#### EXERCISE PROMPT:
Return the lines from the start of the data through the line with "Трактор Версатайл / Versatile 305". Include both of those lines and no others.

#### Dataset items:
__________
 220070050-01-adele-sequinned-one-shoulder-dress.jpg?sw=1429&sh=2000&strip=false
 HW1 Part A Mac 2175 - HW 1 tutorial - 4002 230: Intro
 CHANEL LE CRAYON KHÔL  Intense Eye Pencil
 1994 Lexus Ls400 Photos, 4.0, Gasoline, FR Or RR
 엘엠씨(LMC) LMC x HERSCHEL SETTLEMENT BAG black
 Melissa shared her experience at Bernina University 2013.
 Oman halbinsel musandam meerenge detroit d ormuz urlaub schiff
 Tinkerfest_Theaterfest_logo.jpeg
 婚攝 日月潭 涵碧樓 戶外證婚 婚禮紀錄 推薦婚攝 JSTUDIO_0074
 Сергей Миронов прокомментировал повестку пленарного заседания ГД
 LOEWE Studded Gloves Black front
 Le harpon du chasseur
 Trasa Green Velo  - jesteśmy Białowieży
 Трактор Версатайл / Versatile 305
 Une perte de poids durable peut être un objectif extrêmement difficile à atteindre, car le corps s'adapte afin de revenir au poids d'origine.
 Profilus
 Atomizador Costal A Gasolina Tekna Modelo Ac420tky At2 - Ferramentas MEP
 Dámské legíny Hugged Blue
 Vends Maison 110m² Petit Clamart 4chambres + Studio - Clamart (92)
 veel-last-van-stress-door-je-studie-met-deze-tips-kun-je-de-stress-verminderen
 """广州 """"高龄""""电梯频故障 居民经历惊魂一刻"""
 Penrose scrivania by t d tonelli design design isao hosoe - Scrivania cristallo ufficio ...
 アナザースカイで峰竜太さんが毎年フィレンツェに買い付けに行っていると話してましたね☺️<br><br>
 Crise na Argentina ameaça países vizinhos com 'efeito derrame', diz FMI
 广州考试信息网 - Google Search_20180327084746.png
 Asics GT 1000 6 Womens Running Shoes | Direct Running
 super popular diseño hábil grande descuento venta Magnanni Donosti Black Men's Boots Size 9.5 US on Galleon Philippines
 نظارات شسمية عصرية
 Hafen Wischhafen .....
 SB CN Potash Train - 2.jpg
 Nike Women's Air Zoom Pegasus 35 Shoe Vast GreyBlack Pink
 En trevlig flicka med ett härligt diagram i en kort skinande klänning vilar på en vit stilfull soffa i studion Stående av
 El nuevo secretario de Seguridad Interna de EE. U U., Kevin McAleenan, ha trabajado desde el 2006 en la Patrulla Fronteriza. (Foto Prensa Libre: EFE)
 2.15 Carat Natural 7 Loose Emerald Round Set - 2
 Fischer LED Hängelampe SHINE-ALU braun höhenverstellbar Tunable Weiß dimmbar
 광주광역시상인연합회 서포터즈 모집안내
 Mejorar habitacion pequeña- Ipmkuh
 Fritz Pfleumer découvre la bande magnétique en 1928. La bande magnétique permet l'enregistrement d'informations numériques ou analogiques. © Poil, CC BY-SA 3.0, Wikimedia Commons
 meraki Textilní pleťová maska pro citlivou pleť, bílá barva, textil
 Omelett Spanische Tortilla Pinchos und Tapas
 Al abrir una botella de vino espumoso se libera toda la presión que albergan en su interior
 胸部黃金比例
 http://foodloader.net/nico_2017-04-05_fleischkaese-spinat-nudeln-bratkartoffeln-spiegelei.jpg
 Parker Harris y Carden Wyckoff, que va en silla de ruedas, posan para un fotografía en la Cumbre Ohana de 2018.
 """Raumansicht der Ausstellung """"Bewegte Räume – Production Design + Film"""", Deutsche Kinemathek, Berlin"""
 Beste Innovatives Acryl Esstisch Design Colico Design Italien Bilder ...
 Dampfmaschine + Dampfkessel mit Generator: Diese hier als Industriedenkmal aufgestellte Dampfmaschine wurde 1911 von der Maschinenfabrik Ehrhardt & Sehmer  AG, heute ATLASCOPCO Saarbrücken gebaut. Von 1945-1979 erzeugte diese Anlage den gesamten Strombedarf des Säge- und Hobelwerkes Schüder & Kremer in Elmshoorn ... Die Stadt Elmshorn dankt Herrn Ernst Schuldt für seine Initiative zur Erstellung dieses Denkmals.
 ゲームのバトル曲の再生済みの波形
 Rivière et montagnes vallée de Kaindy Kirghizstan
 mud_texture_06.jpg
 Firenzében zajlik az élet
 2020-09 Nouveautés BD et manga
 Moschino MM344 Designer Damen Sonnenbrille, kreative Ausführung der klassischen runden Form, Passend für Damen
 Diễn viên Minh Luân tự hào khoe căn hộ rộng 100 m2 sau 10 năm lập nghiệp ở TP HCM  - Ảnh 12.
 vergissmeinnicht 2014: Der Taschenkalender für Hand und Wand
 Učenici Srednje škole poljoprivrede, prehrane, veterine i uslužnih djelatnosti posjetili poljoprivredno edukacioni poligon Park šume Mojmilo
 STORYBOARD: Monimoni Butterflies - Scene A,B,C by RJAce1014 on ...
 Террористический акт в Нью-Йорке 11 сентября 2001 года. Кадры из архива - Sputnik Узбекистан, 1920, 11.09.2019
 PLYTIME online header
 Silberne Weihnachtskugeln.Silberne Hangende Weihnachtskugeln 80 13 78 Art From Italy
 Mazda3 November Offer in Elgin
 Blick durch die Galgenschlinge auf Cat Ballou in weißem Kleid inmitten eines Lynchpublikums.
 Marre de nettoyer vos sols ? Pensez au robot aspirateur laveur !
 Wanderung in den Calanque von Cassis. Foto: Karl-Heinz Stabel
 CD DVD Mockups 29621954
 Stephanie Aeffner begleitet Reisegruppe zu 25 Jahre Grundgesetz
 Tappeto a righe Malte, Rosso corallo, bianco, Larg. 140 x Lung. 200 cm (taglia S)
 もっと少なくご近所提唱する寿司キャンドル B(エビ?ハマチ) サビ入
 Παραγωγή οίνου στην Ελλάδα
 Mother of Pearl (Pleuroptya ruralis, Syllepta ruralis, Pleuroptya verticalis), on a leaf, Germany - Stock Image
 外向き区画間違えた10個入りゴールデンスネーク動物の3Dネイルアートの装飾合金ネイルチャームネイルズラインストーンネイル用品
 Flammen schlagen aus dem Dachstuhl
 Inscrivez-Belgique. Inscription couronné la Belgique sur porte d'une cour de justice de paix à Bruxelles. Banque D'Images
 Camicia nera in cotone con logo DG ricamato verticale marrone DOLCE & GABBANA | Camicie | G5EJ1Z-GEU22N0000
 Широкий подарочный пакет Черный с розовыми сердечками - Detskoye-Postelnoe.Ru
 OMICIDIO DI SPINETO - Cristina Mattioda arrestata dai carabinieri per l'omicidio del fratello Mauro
__________
#### RESPONSE TO THE TASK:
 220070050-01-adele-sequinned-one-shoulder-dress.jpg?sw=1429&sh=2000&strip=false
 HW1 Part A Mac 2175 - HW 1 tutorial - 4002 230: Intro
 CHANEL LE CRAYON KHÔL  Intense Eye Pencil
 1994 Lexus Ls400 Photos, 4.0, Gasoline, FR Or RR
 엘엠씨(LMC) LMC x HERSCHEL SETTLEMENT BAG black
 Melissa shared her experience at Bernina University 2013.
 Oman halbinsel musandam meerenge detroit d ormuz urlaub schiff
 Tinkerfest_Theaterfest_logo.jpeg
 婚攝 日月潭 涵碧樓 戶外證婚 婚禮紀錄 推薦婚攝 JSTUDIO_0074
 Сергей Миронов прокомментировал повестку пленарного заседания ГД
 LOEWE Studded Gloves Black front
 Le harpon du chasseur
 Trasa Green Velo  - jesteśmy Białowieży
 Трактор Версатайл / Versatile 305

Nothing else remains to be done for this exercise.